Every line below needs to be printed again exactly, without any of its pictures.

--- DATA BELOW ---

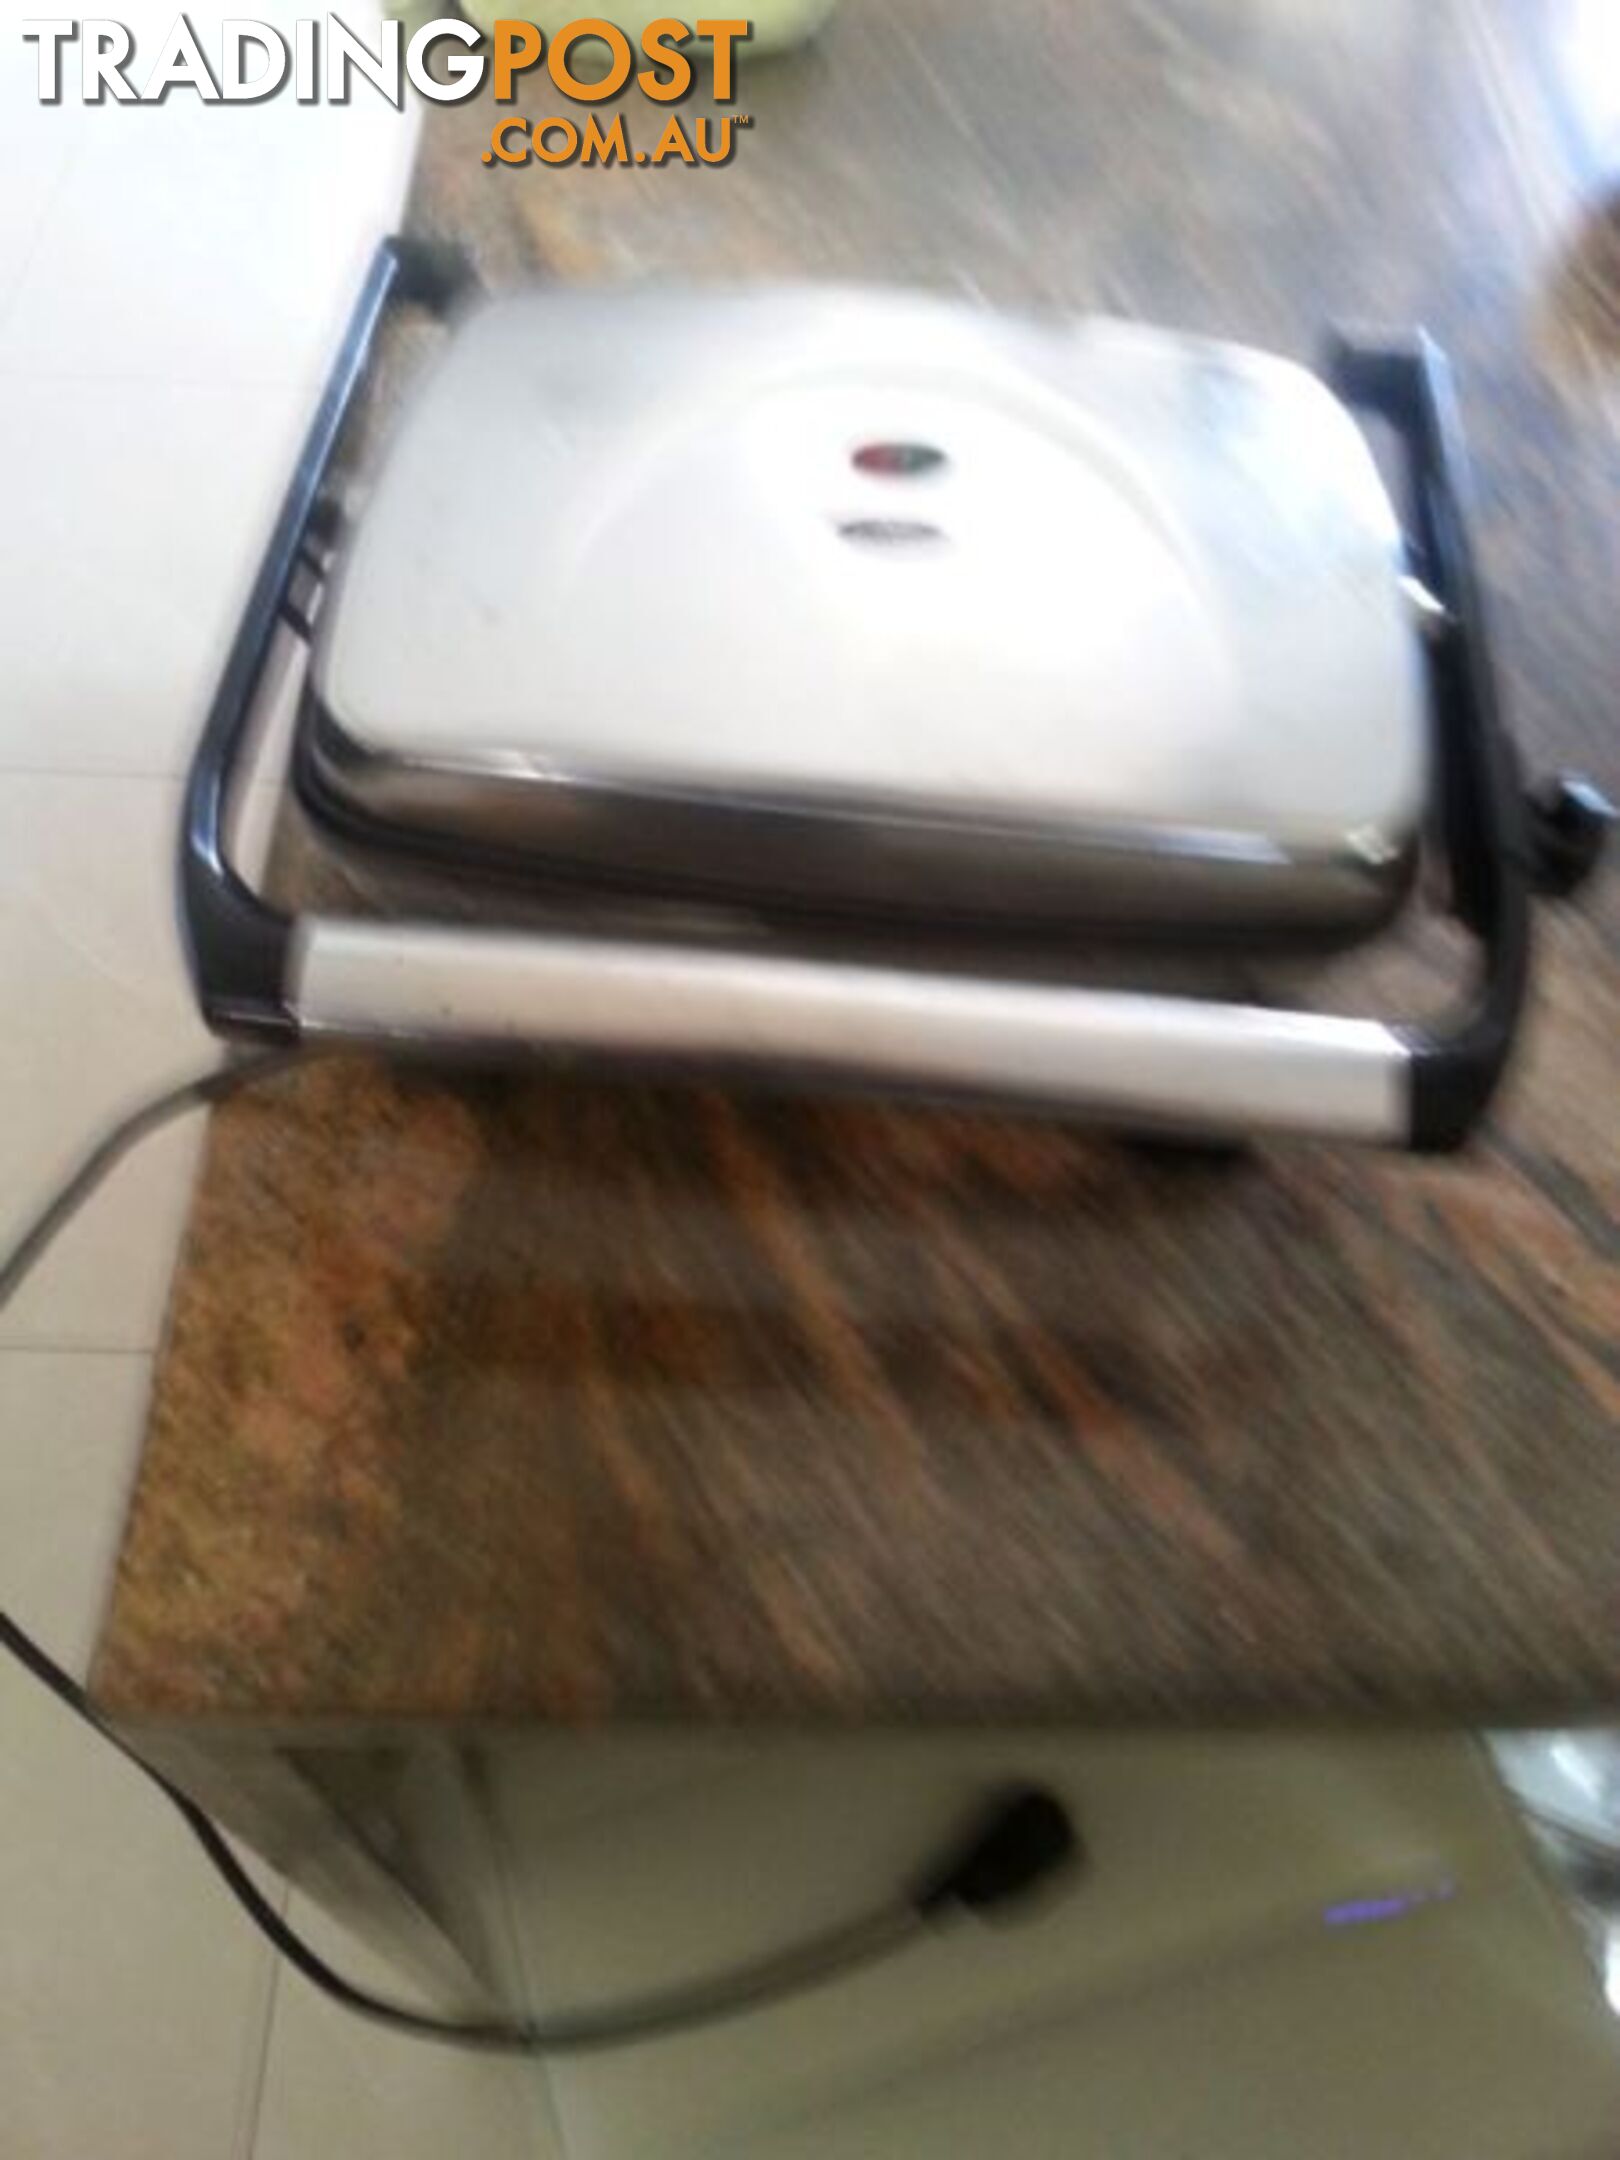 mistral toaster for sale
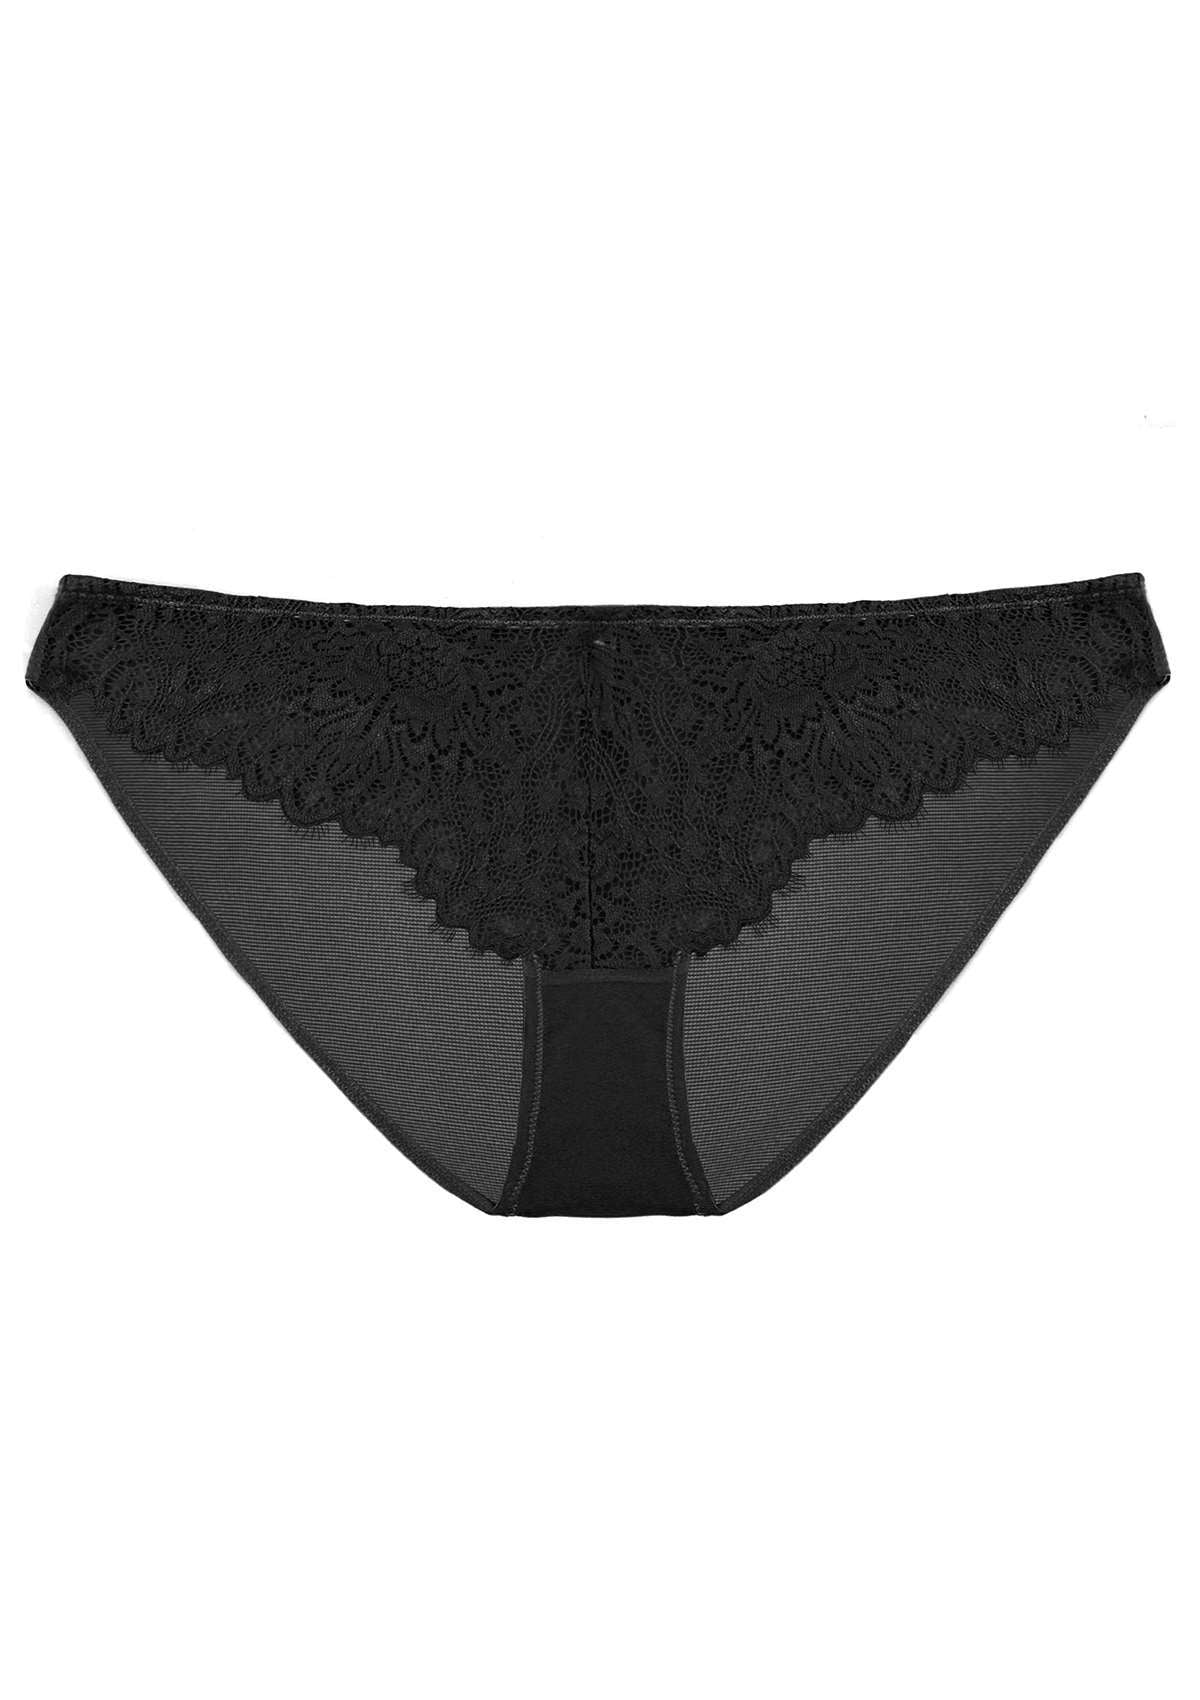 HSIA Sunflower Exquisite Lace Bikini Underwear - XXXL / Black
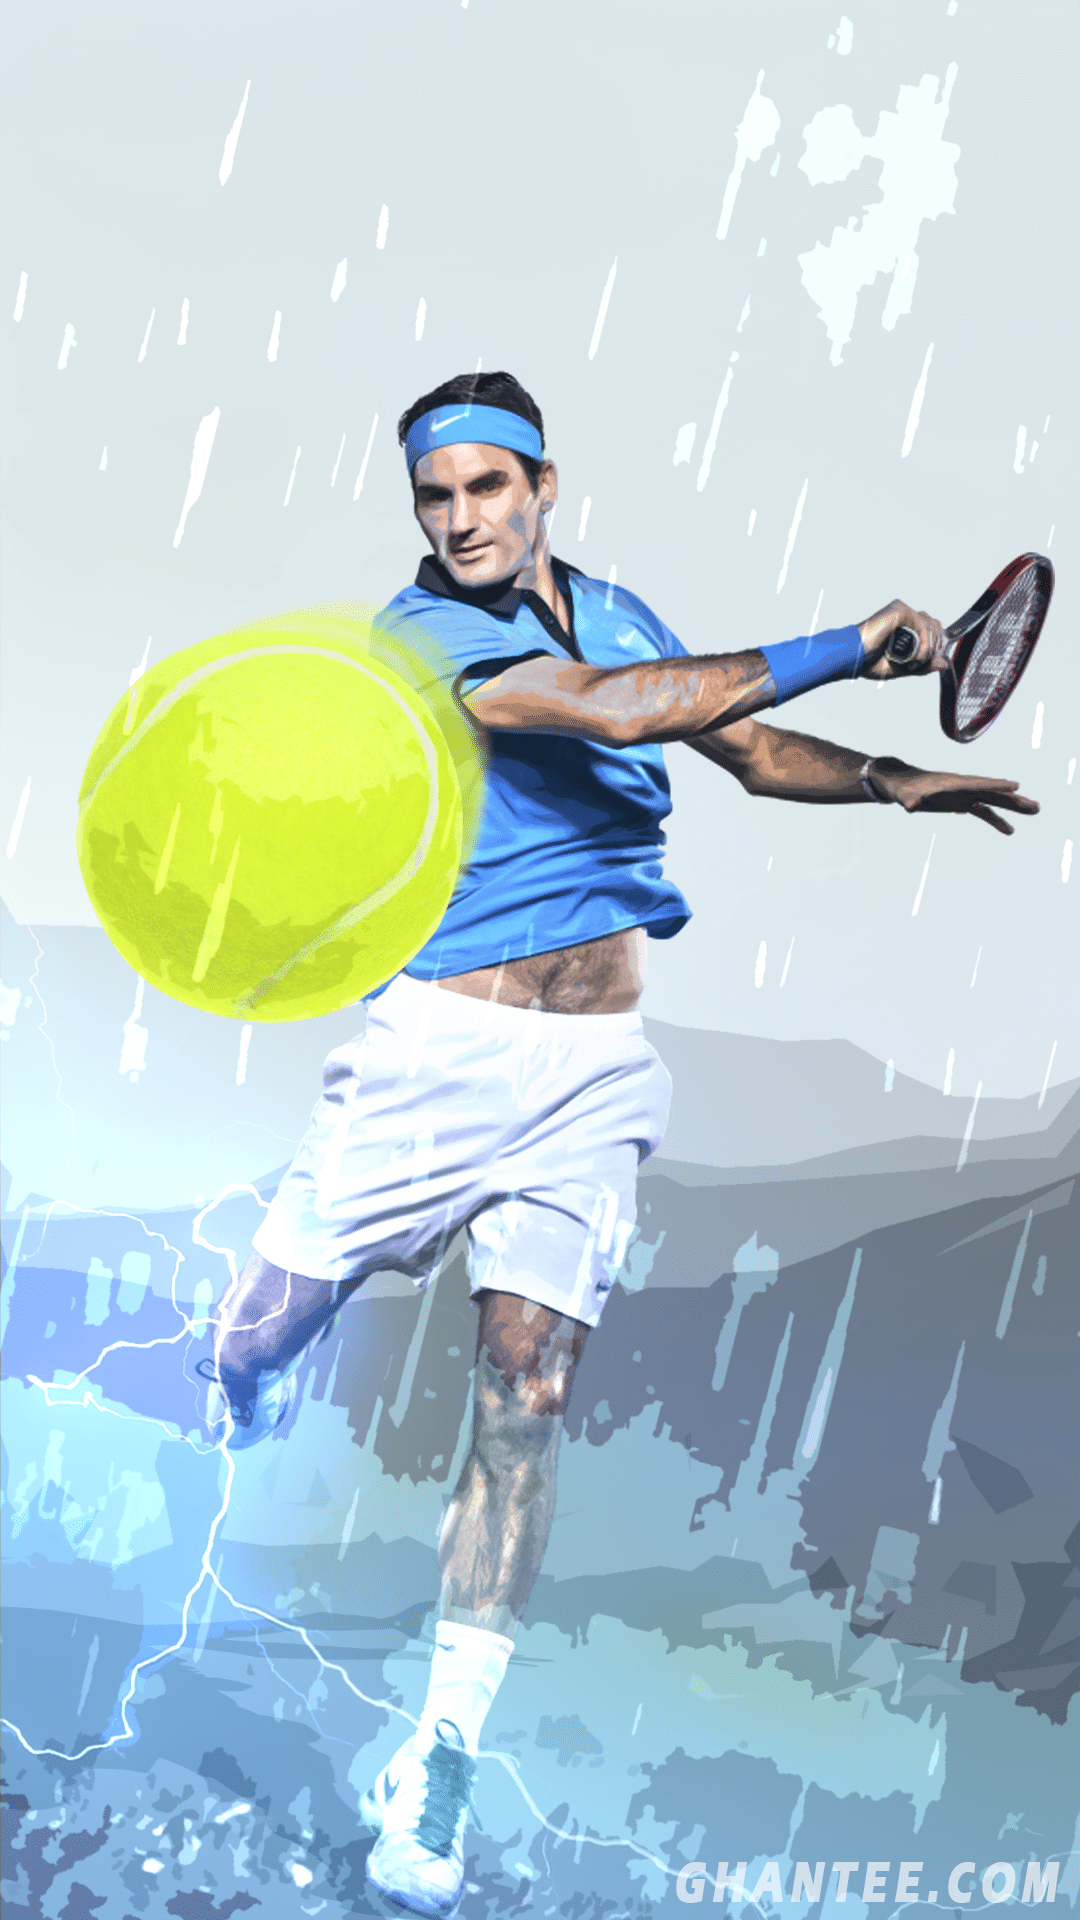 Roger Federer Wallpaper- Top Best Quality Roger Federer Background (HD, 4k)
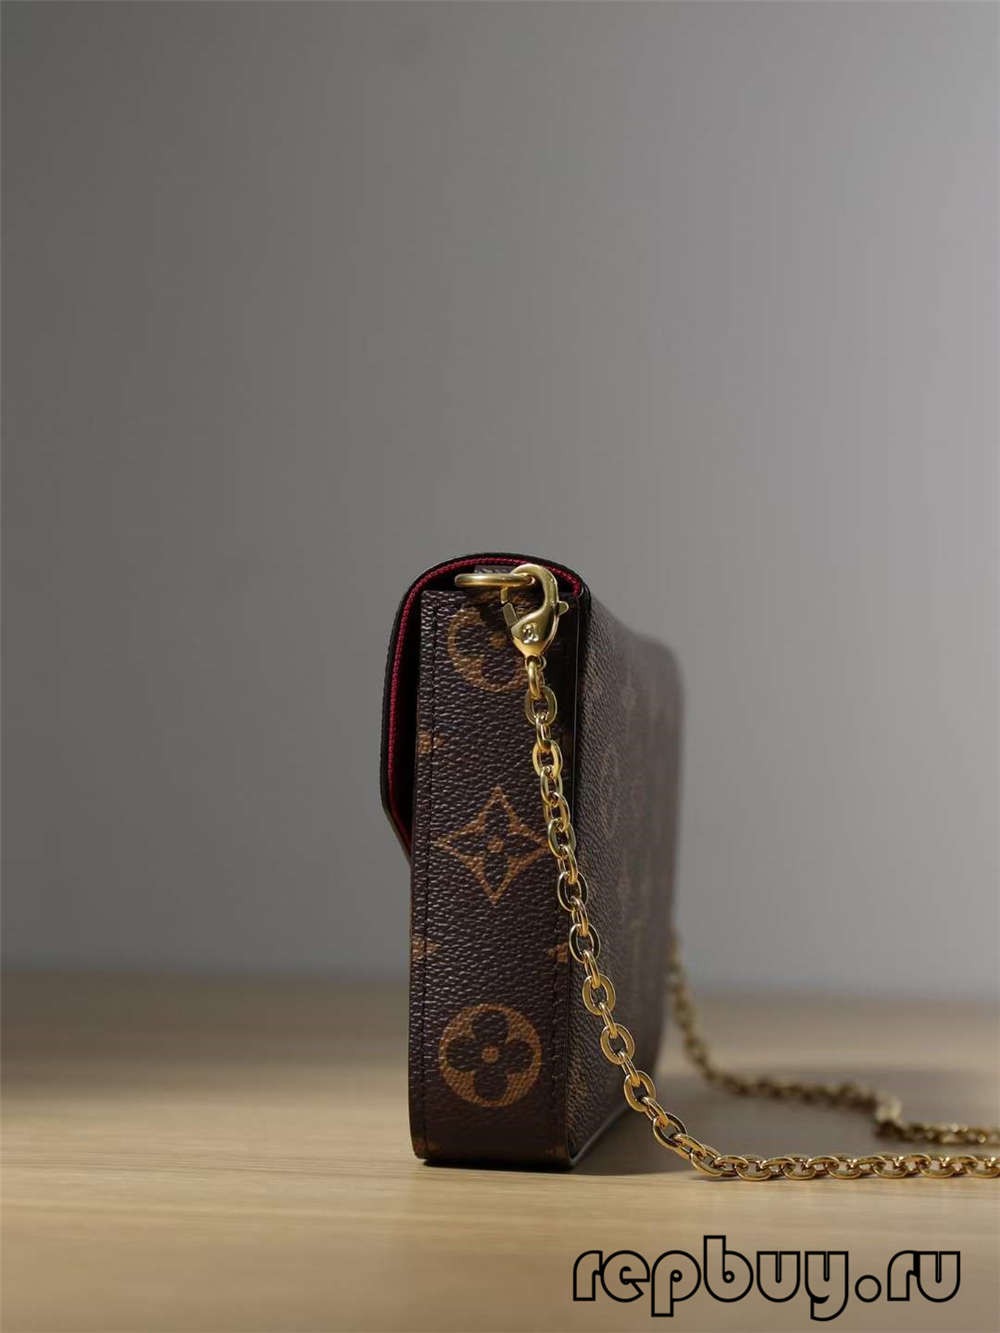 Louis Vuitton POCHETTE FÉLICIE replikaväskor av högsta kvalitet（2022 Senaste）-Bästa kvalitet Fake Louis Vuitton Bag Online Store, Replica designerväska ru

---

## OUTPUT OF THE EXERCISE:
 mistral toaster for sale
 HSIA Sunflower Exquisite Lace Bikini Underwear - XXXL / Black
 Roger Federer Wallpaper- Top Best Quality Roger Federer Background (HD, 4k)
 Louis Vuitton POCHETTE FÉLICIE replikaväskor av högsta kvalitet（2022 Senaste）-Bästa kvalitet Fake Louis Vuitton Bag Online Store, Replica designerväska ru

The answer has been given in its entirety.